## ABOUT THIS TASK
Whenever an image turns up, omit it and return the remaining data exactly.

## SUPPLIED INFORMATION
=== Begin Enclosure ===
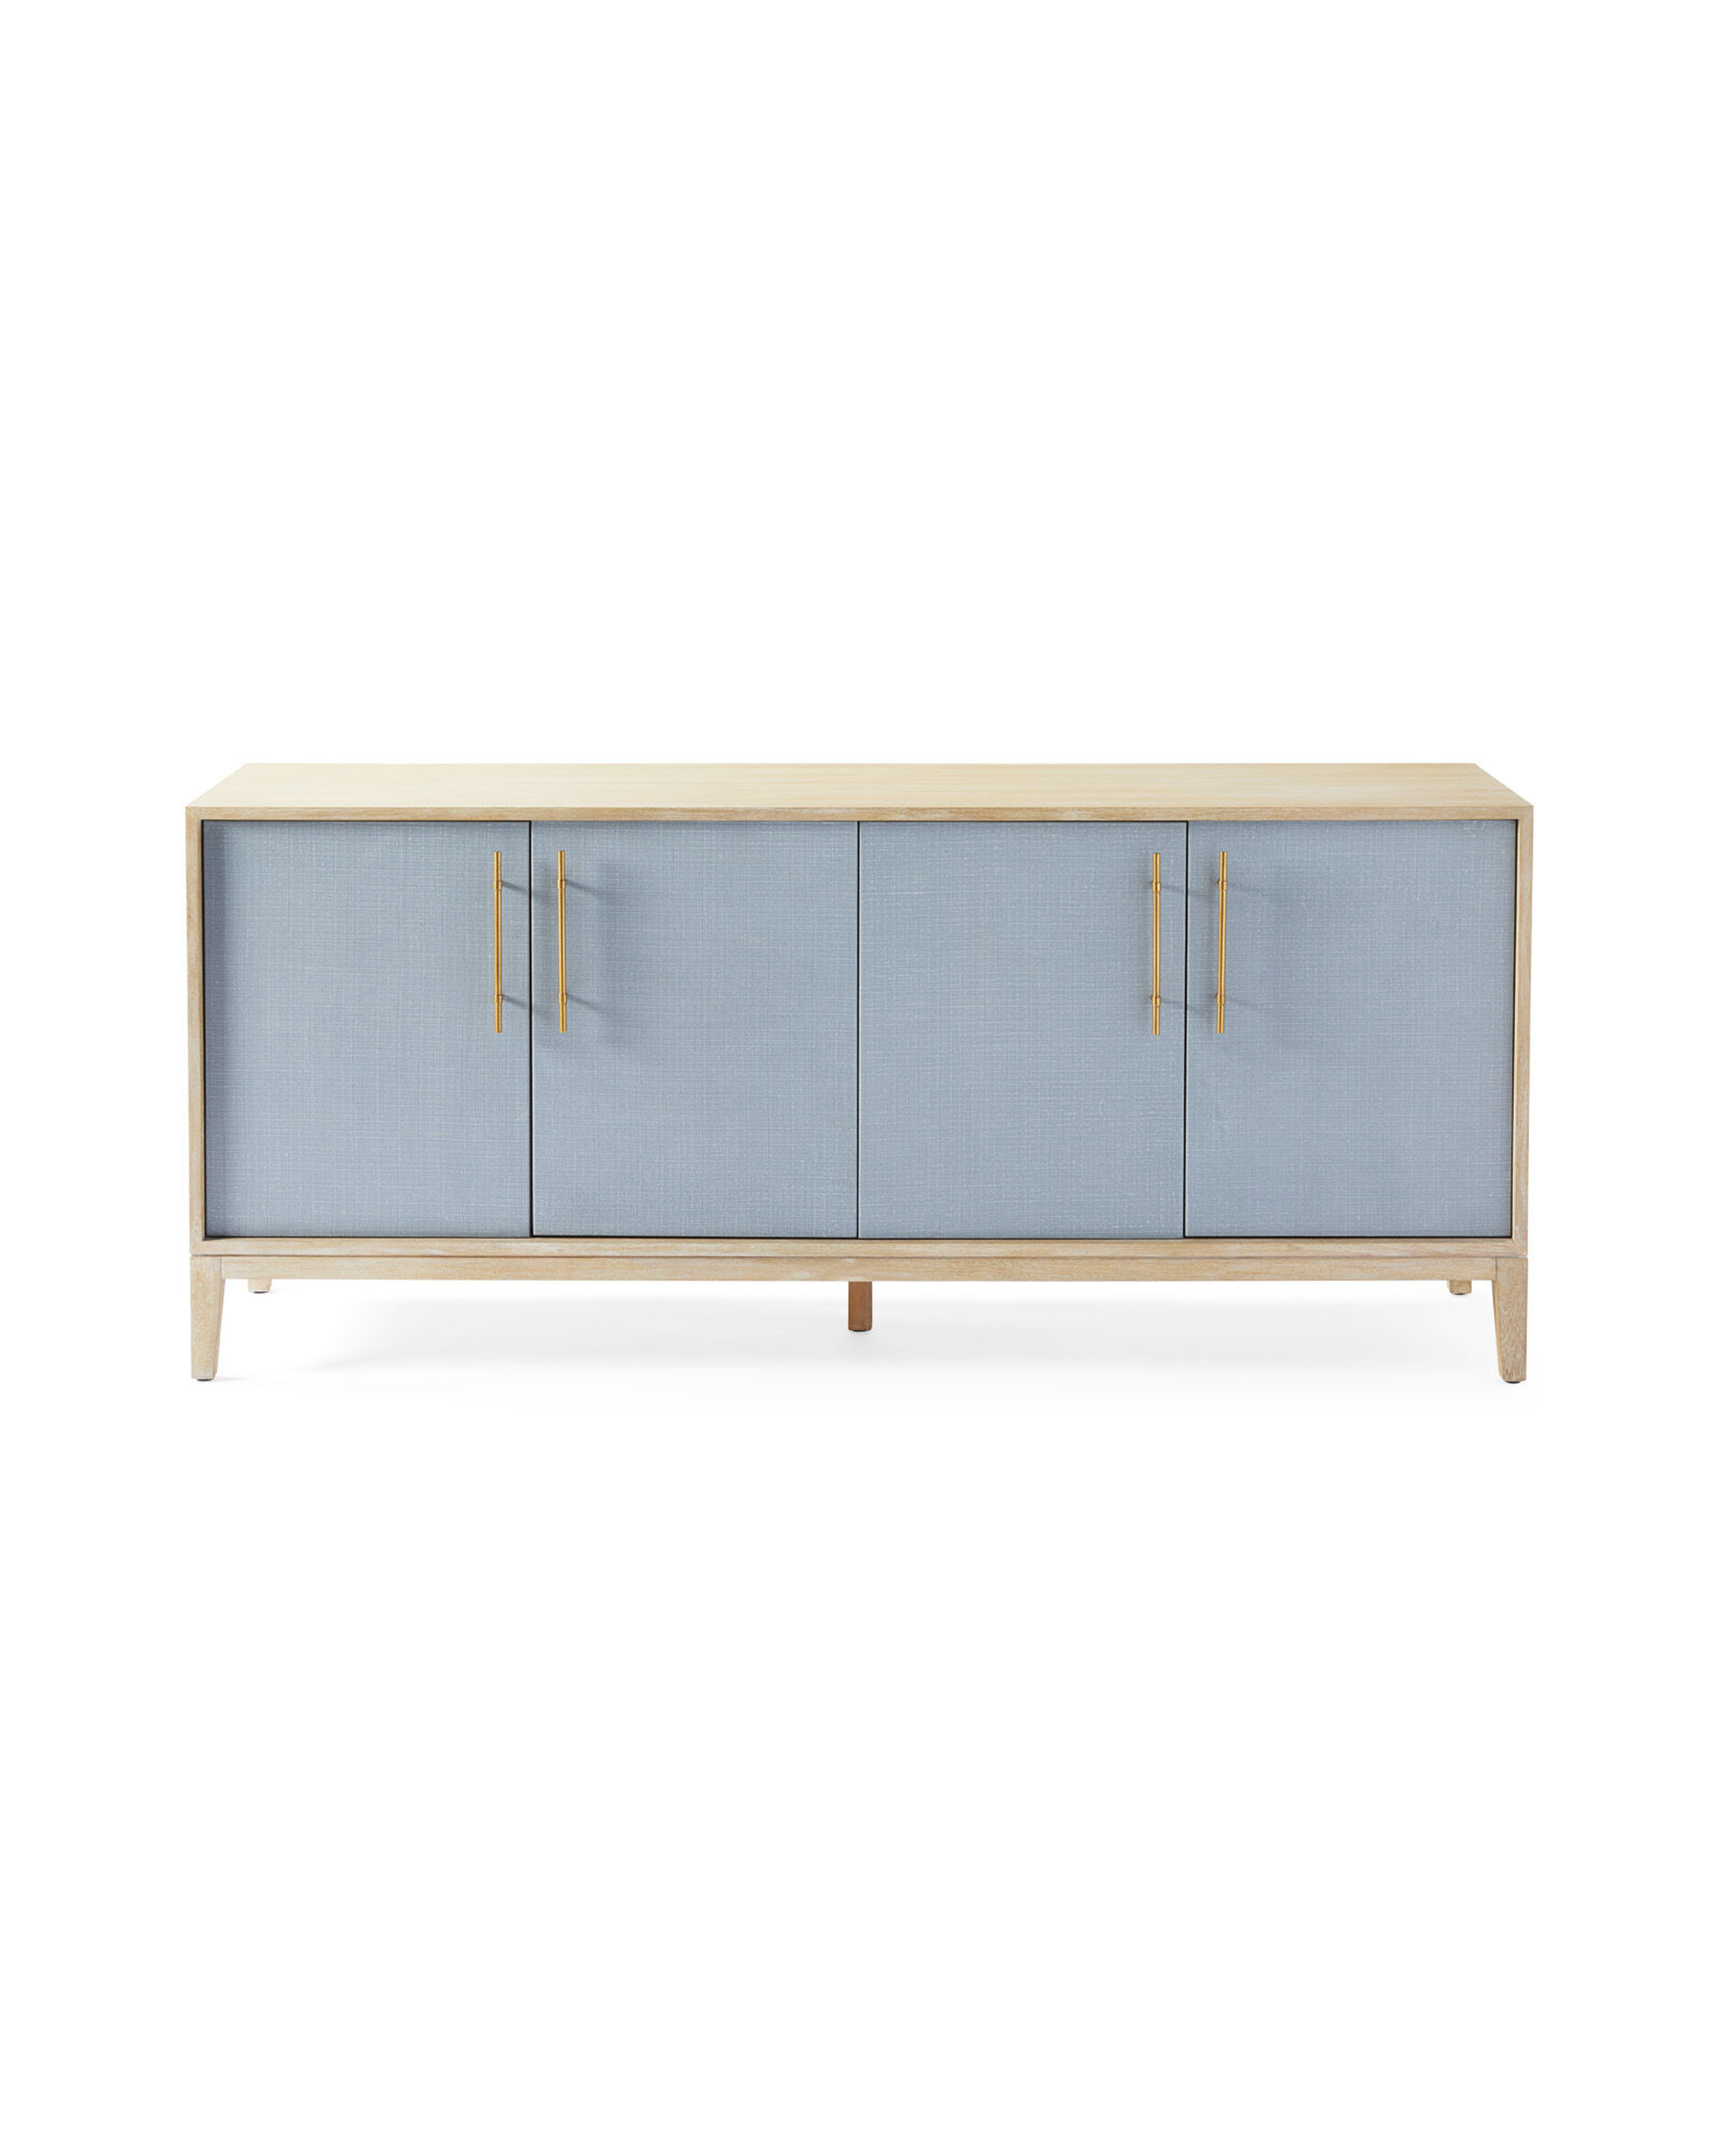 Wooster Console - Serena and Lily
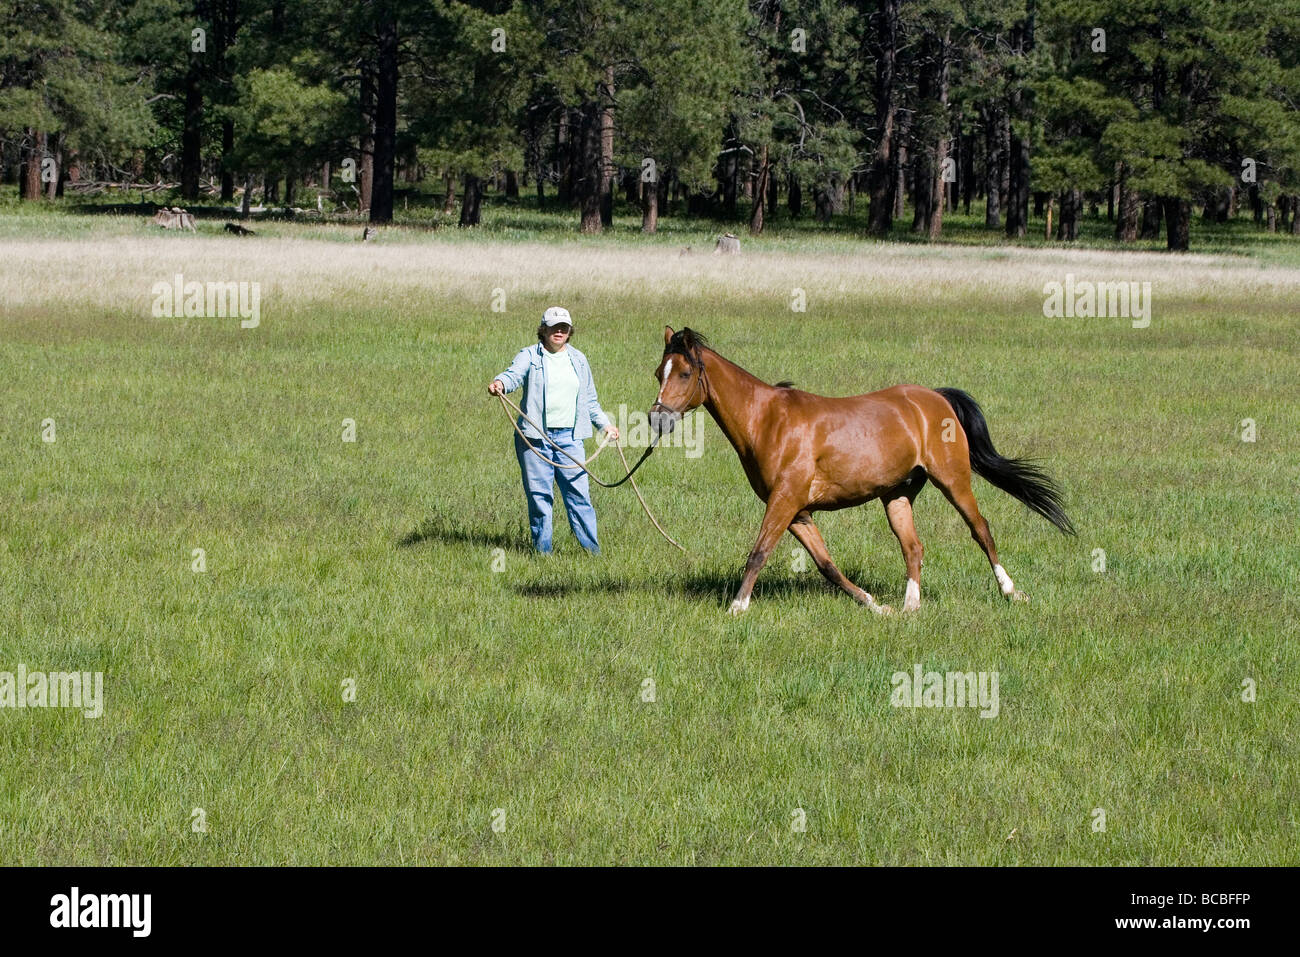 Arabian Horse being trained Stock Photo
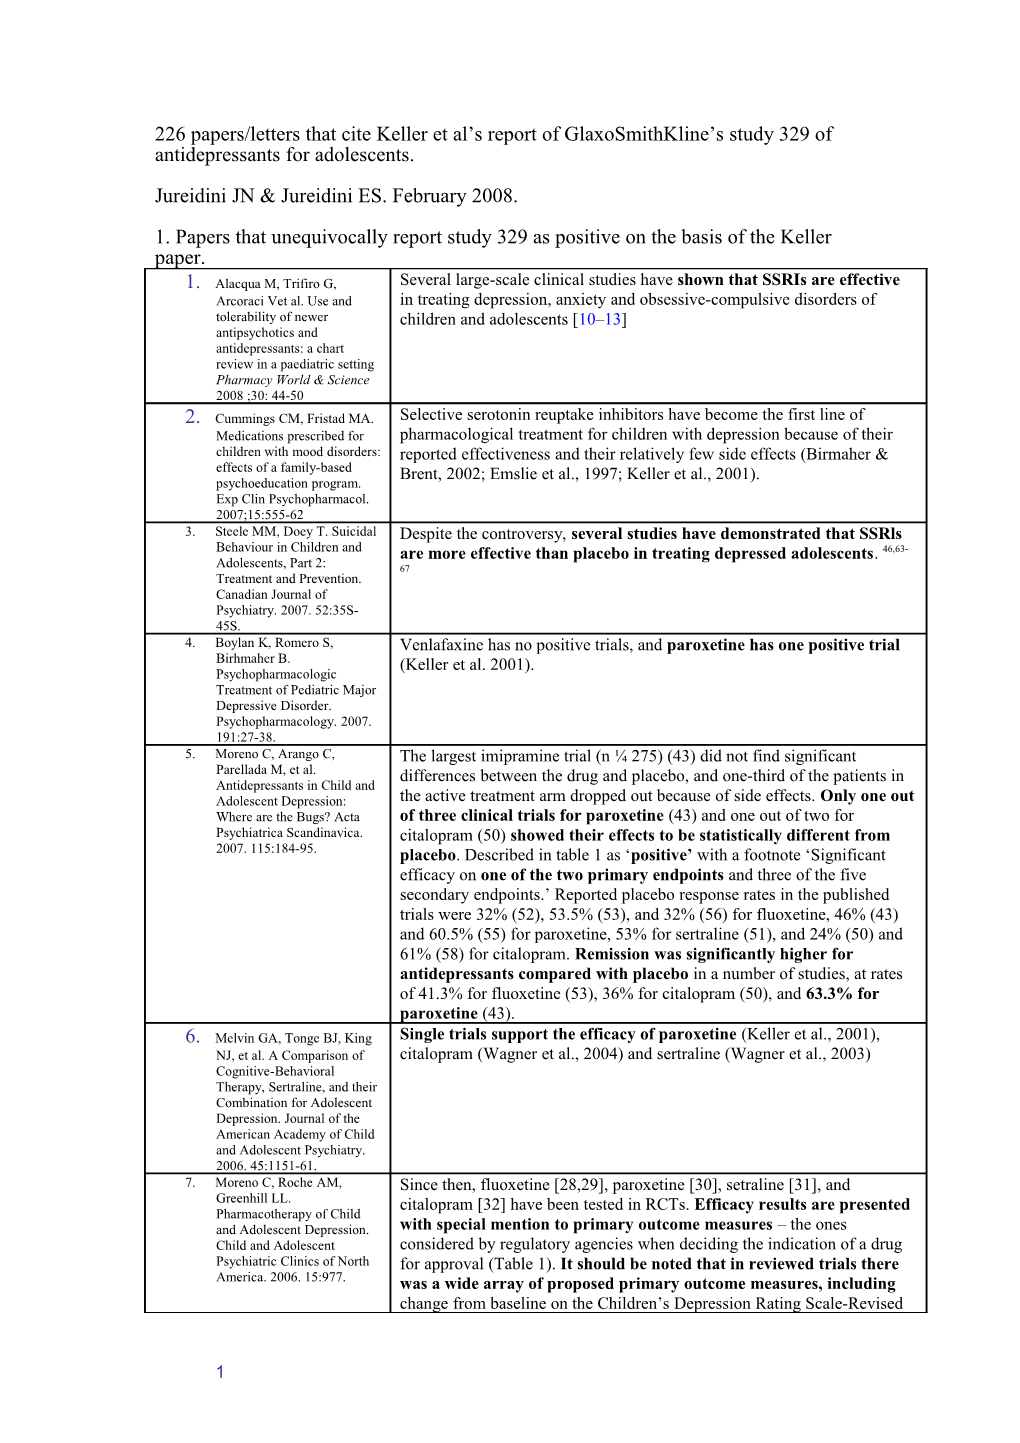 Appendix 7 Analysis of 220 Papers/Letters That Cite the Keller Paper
=== End Enclosure ===
## RESULT OF THIS EXERCISE
 Wooster Console - Serena and Lily
 Arabian Horse being trained Stock Photo
 Appendix 7 Analysis of 220 Papers/Letters That Cite the Keller Paper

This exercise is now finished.